17 Edom będzie temat’zdumienie; wszyscy przechodnie będą zdumieni i gwiżdżą na widok wszystkich jego ran.
18 To będzie Jak nieszczęście spotkało Sodomę i Gomorę oraz sąsiednie miasta – mówi Pan – nikt tam nie będzie mieszkał, żaden syn człowieczy nie będzie się tam osiedlał.

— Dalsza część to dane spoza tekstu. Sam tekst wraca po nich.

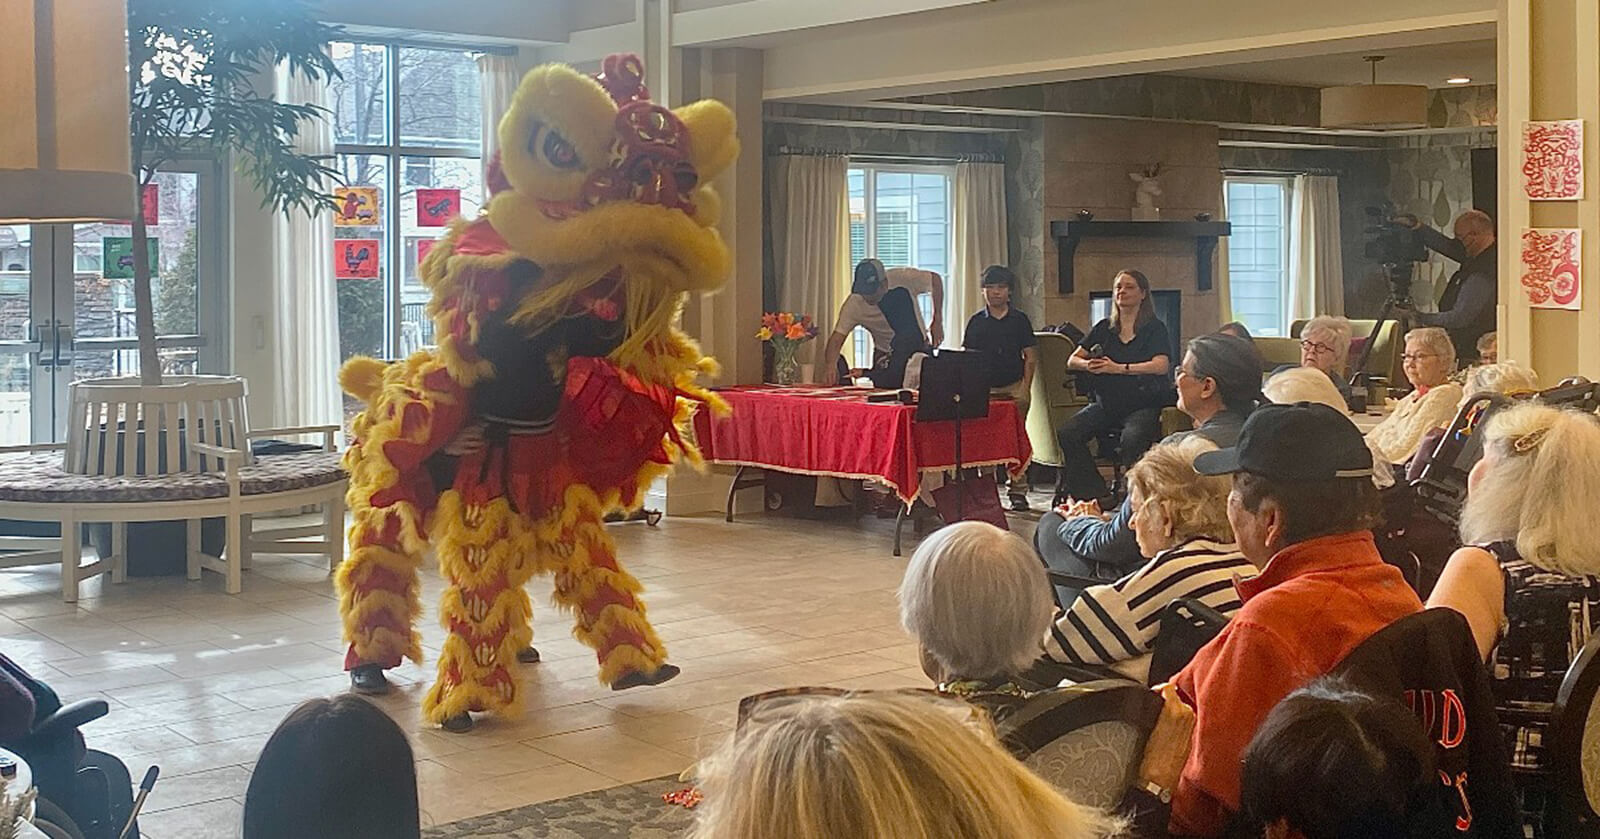 Residents of The Waters on 50th in Minneapolis watching a vibrant lion dance performance during a cultural event.

19 Oto jak lew nadciąga z gęstwiny Jordanu na pastwisko wieczne; nagle sprawię, że ucieknie Edom, I osadzę tam tego, którego wybrałem. Bo któż jest do mnie podobny? Kto mnie rozgniewa? I który pasterz stanie przeciwko mnie?
20 Posłuchajcie teraz planu, jaki Pan powziął przeciwko Edomowi, i zamiarów, jakie uknuł przeciwko mieszkańcom Temanu. Tak, zostaną zmieceni Jak słabe owce; tak, ich pastwisko będzie w zdumieniu.
21 Na odgłos ich upadku zadrżała ziemia, a głos ich głosów słychać było aż nad Morzem Czerwonym.
22 Oto On wzbija się w górę i unosi jak orzeł, rozpościera skrzydła swoje nad Bozrą. Serce wojowników Edomu staje się w owym dniu jak serce rodzącej kobiety.

23 Przeciw Damaszkowi.

Chamat i Arfad są zdezorientowani, ponieważ otrzymali złe wieści; są przerażeni; to wzburzone morze, którego nie da się uspokoić.
24 Damaszek jest bezsilny, ucieka, ogarnia go strach, trwoga i bóle go ściskają, jak kobietę rodzącą.
25 Jakże zupełnie opustoszałe jest to wspaniałe miasto, miasto rozkoszy i radości!
26 Także młodzieńcy jej polegli na jej placach i wszyscy jej wojownicy; zginą w owym dniu - wyrocznia Pana Zastępów.
27 I rozniecę ogień na murach Damaszku, i strawi pałace Ben-Hadada.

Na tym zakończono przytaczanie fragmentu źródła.